You can find details about how to deploy NeMo models, including inference optimized models and PyTorch level models (in-framework), how to apply quantization, and how to send queries to deployed models below.

Deploy Hugging Face Models#

You can find details about how to deploy Hugging Face models either in-framework or using TensorRT-LLM, and serve them on the NVIDIA Triton Inference Server below.

Supported NeMo Checkpoint Formats#

The NeMo Framework saves models as nemo files, which include data related to the model, such as weights and configuration files. The format of these .nemo files has evolved over time. The framework supports deploying Megatron Core-based NeMo models using the distributed checkpoint format. If you saved the model using one of the latest NeMo Framework containers, you should not encounter any issues. Otherwise, you may receive an error message regarding the .nemo file format.

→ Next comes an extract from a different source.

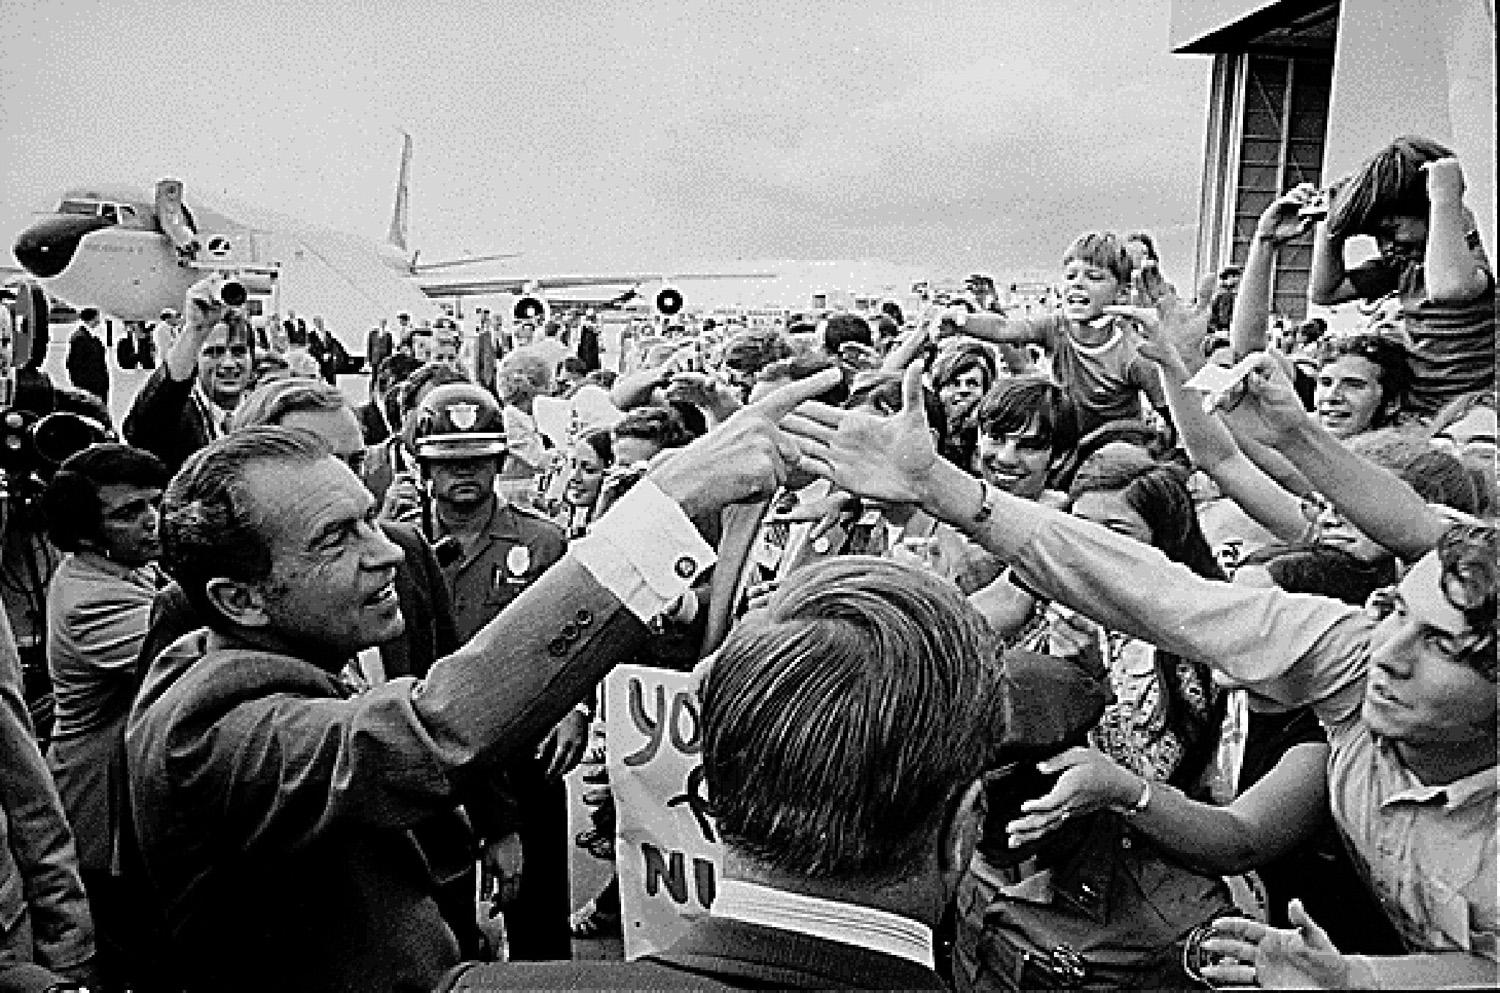 Richard M. Nixon 1972-ben kezdte meg második elnöki ciklusát az USA-ban. Két évvel később a Watergate-botrány miatt le kellett mondania.

NeMo 1.0 checkpoints are either of the nemo or qnemo type. Both file types are supported for deployment. NeMo 2.0 saves all the model related files into a folder.

The NeMo 1.0 .nemo checkpoint and the NeMo 2.0 model folder include the model weights with default precision. It consists of a YAML config file, a folder for model weights, and the tokenizer (if it is not available online). Models are trained and stored in this format, with weight values in FP16 or BF16 precision. Additionally, for .nemo models trained in FP8 precision using NVIDIA Transformer Engine, it is possible to directly export them to an inference framework that supports FP8. Such models already come with scaling factors for low-precision GEMMs and do not require any extra calibration.

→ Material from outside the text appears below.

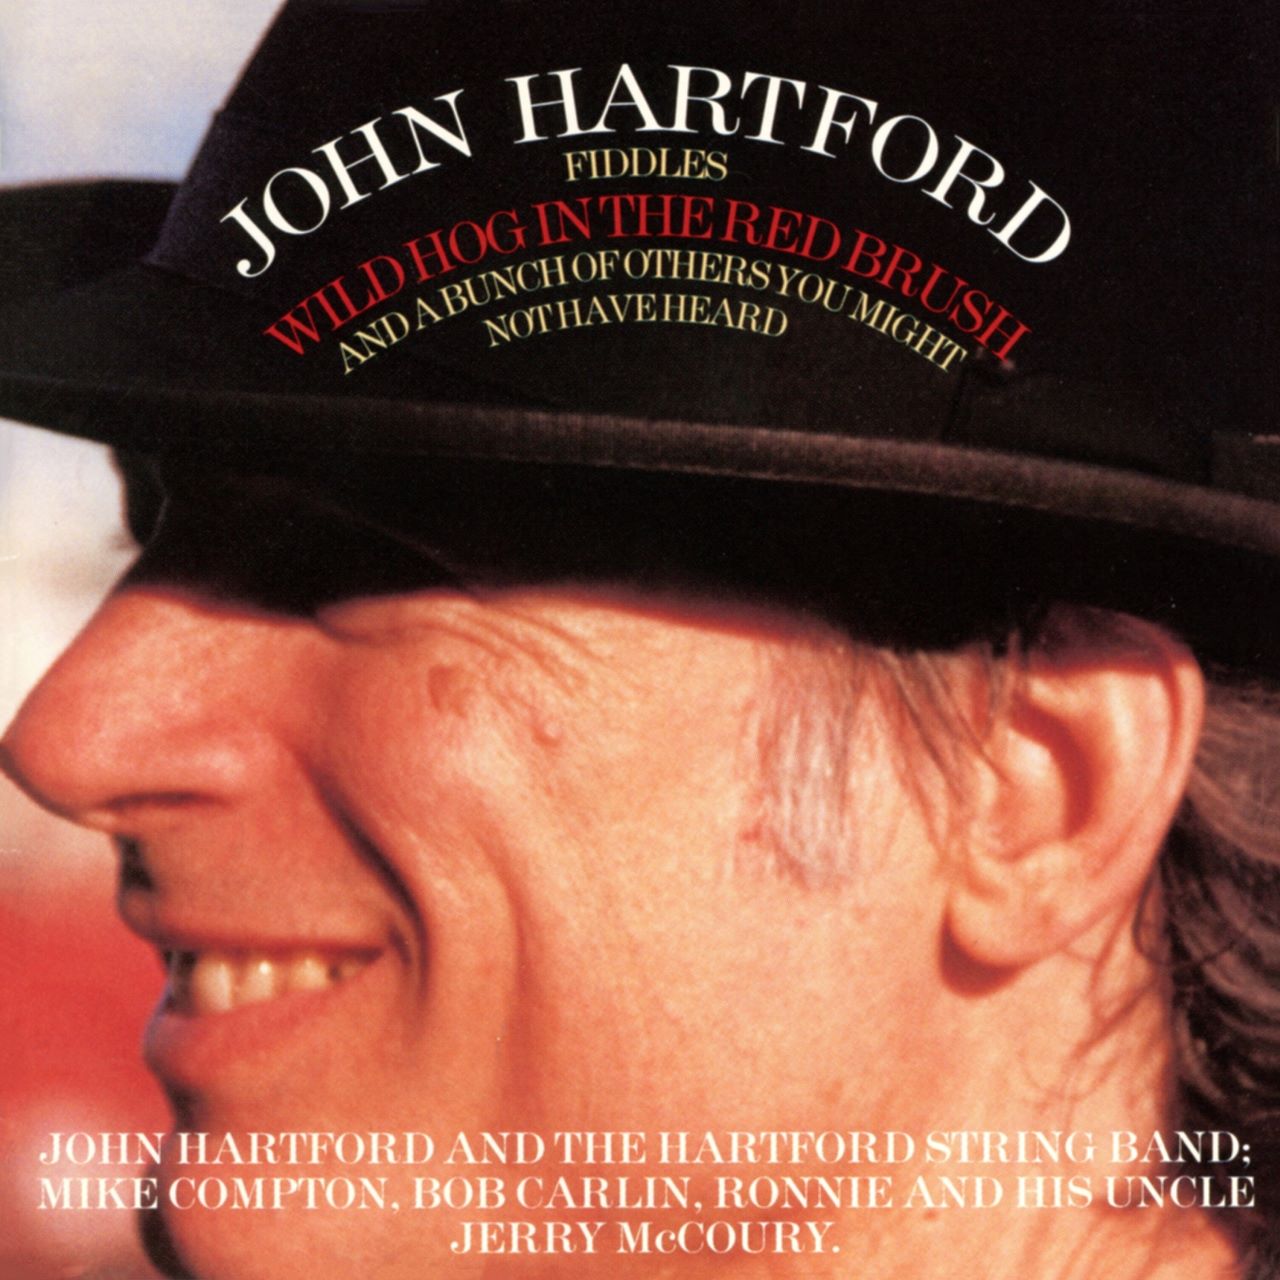 John Hartford - Wild Hog In The Red Brush cover album

The qnemo checkpoint contains the quantized weights and scaling factors. It follows the TensorRT-LLM checkpoint format with the addition of a tokenizer. It is derived from a corresponding nemo model. For detailed information on how to produce a qnemo checkpoint, please refer to Quantization manual.

The NeMo 1.0 and NeMo 2.0 checkpoint formats are supported by the TensorRT-LLM and vLLM inference-optimized deployment options. However, in-framework (PyTorch-level models) deployment only supports NeMo 2.0 models.

Supported GPUs#

TensorRT-LLM supports NVIDIA DGX H100 and NVIDIA H100 GPUs based on the NVIDIA Hopper, Ada Lovelace, Ampere, Turing, and Volta architectures. Certain specialized deployment paths, such as FP8 quantized models, require hardware with FP8 data type support, like NVIDIA H100 GPUs.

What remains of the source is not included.